Figure 3. Sensitivity to ISRIB analogs selects for a divergent palette of mutations in codon 188 of Eif2b2.

(A) Histograms of the ISR-responsive CHOP::GFP fluorescent reporter activity, induced by histidinol (HIS⁺, 0.5 mM) in ISRIB^RES, ISRIB^SEN, compound 075B^SEN and compound 084^SEN sub-pools, selected for their responsiveness to ISRIB or its analogs (2.5 µM) from a population of originally ISRIB^RES Eif2b2^H188X mutant cells.

(B) Bar graph of the distribution of residues identified at Eif2b2 codon 188 in phenotypically divergent pools of CHO-K1 cells. The number of sequenced reads in ISRIB^RES (plum), ISRIB^SEN (orange), compound 075B^SEN (blue) and compound 084^SEN (cyan) pools encoding each amino acid (* - stop codon, X – ambiguous) is plotted.

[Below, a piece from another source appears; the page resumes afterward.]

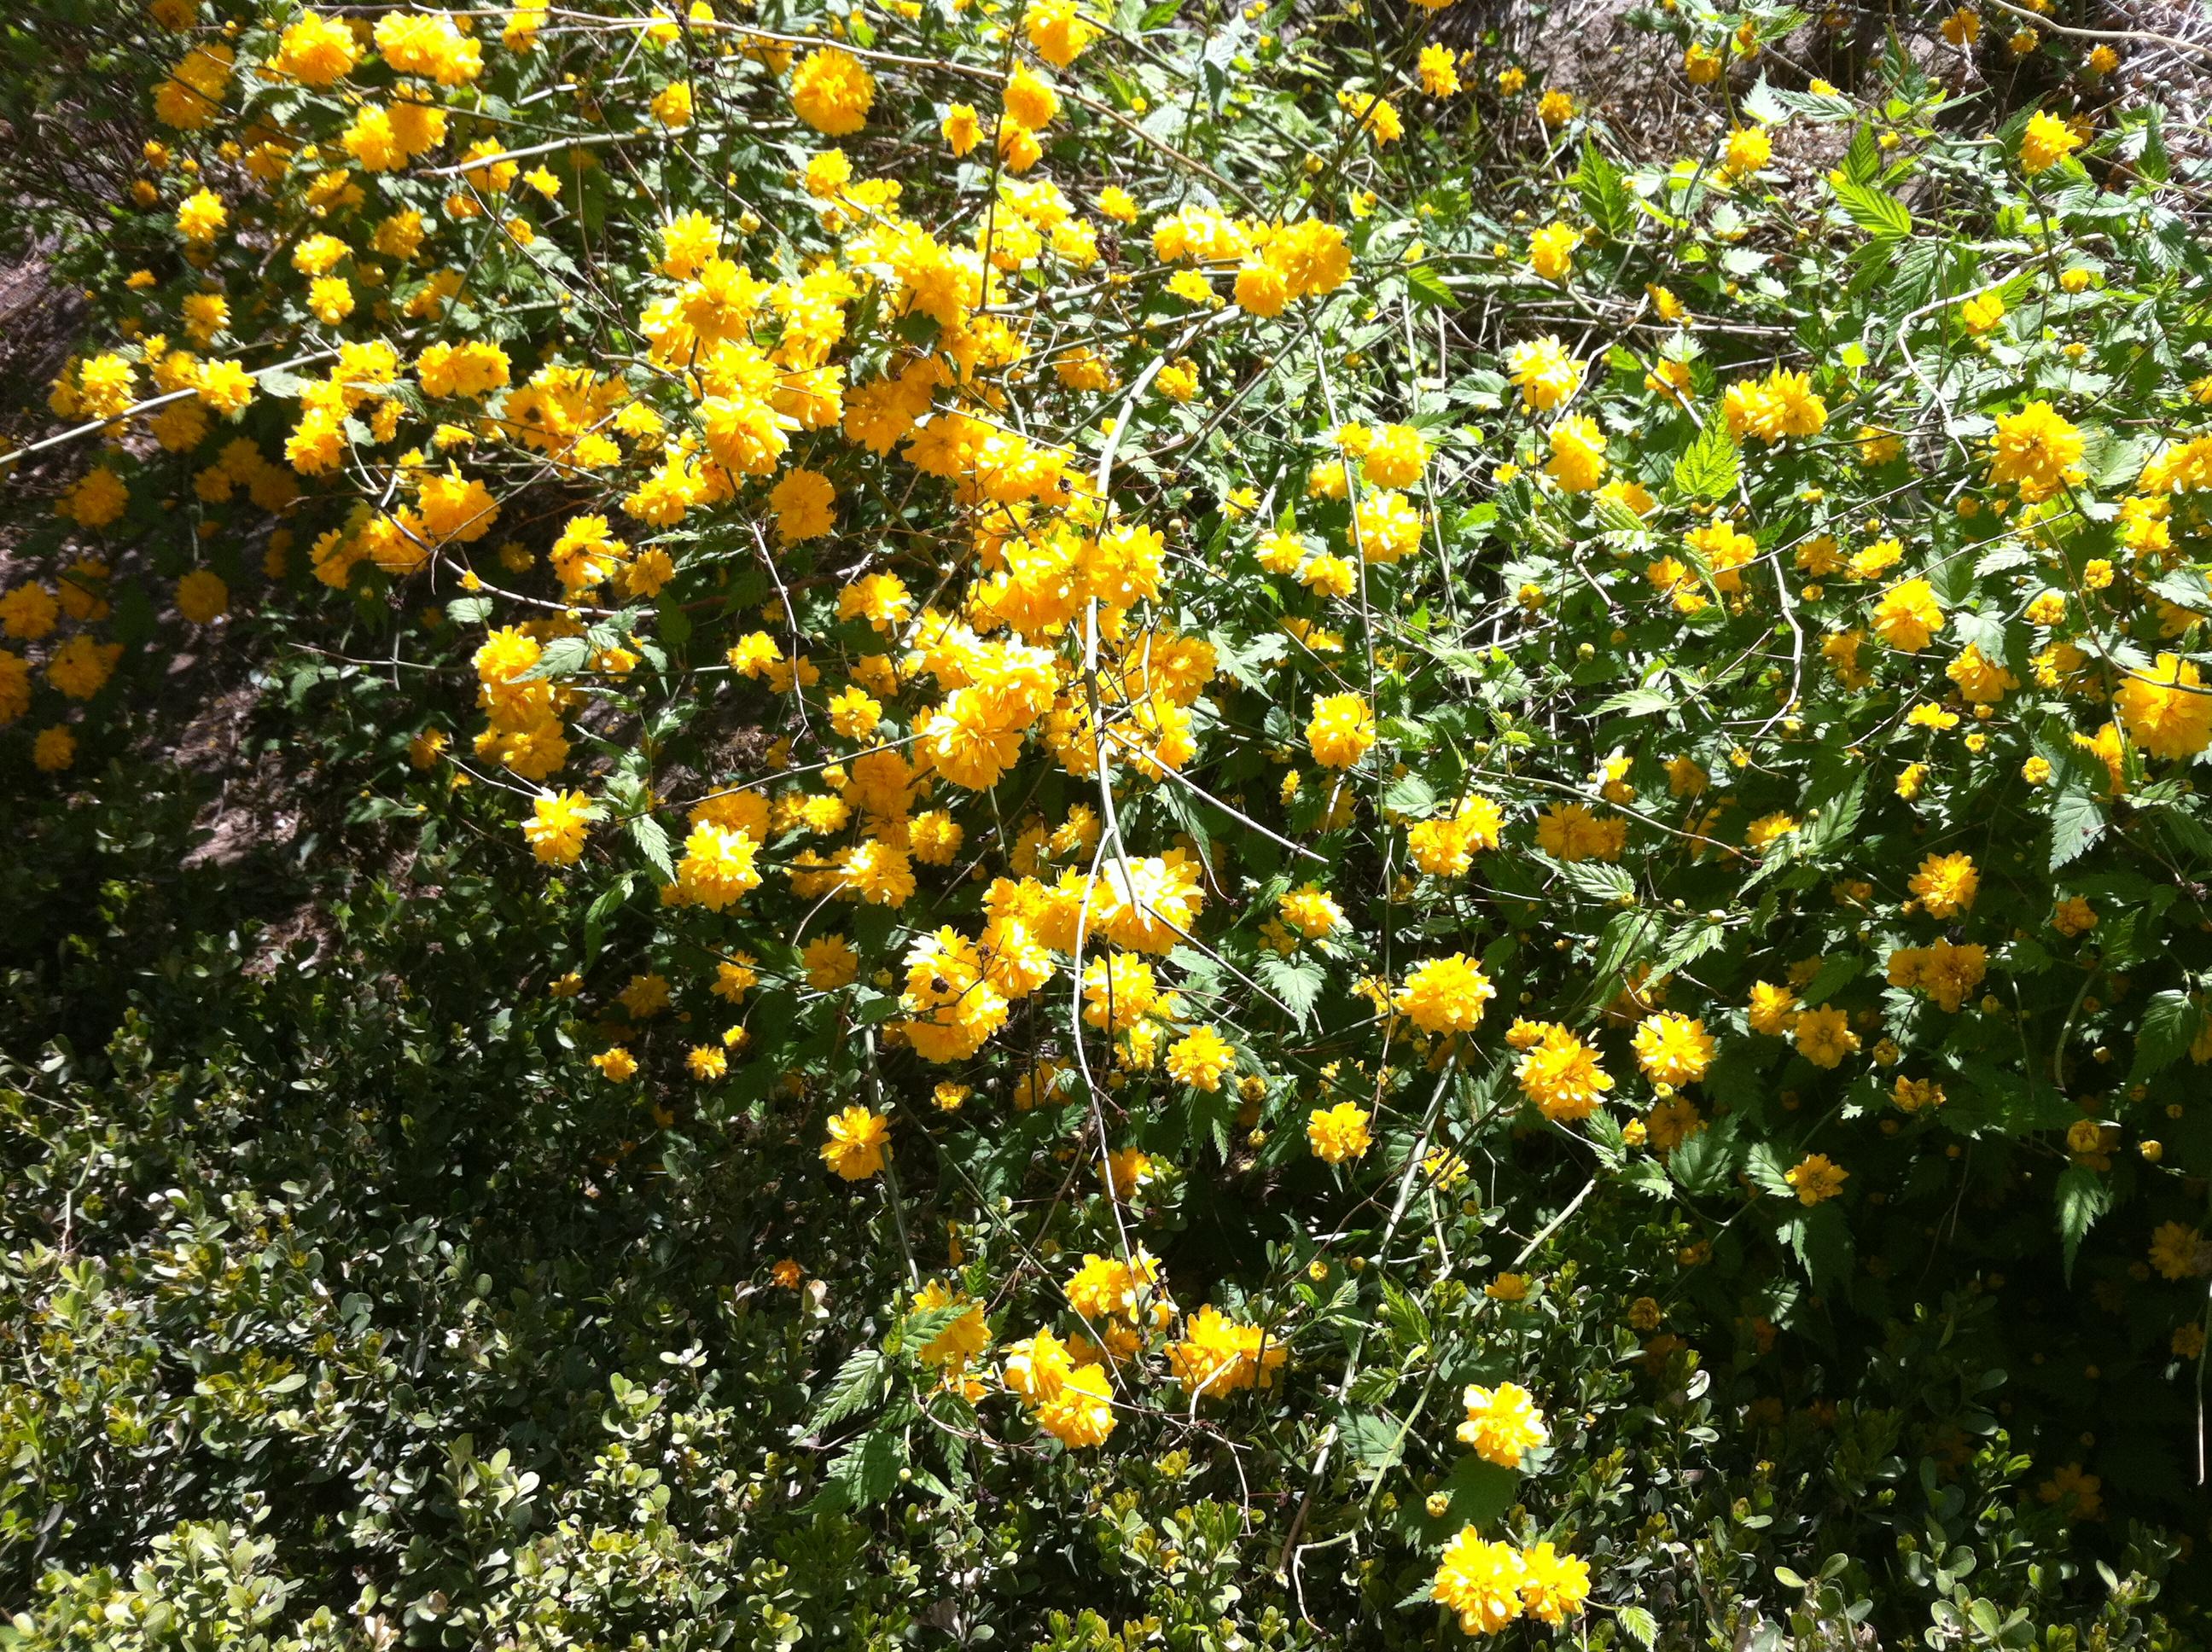 Flowering Weeds The Heart Thrills

(C) Plot of the relative FP signal arising from samples with fluorescein-labeled AAA2-101 (2.5 nM) bound to purified hamster eIF2B (30 nM) in the presence of the indicated concentration of unlabeled ISRIB introduced as a competitor (represented on a log₁₀ scale). Shown is a representative of two independent experiments. The fitting curve and EC₅₀ was generated using “agonist vs. response” function on GraphPad Prism.

(D) A plot of the FP signal arising from fluorescein-labeled AAA2-101 (2.5 nM) as a function of the concentration of wildtype (wt) or mutant eIF2B (δ^L180F or β^H188K) in the sample. Shown are mean ± SD (n=3). Concentrations of eIF2B are represented on a log₁₀ scale.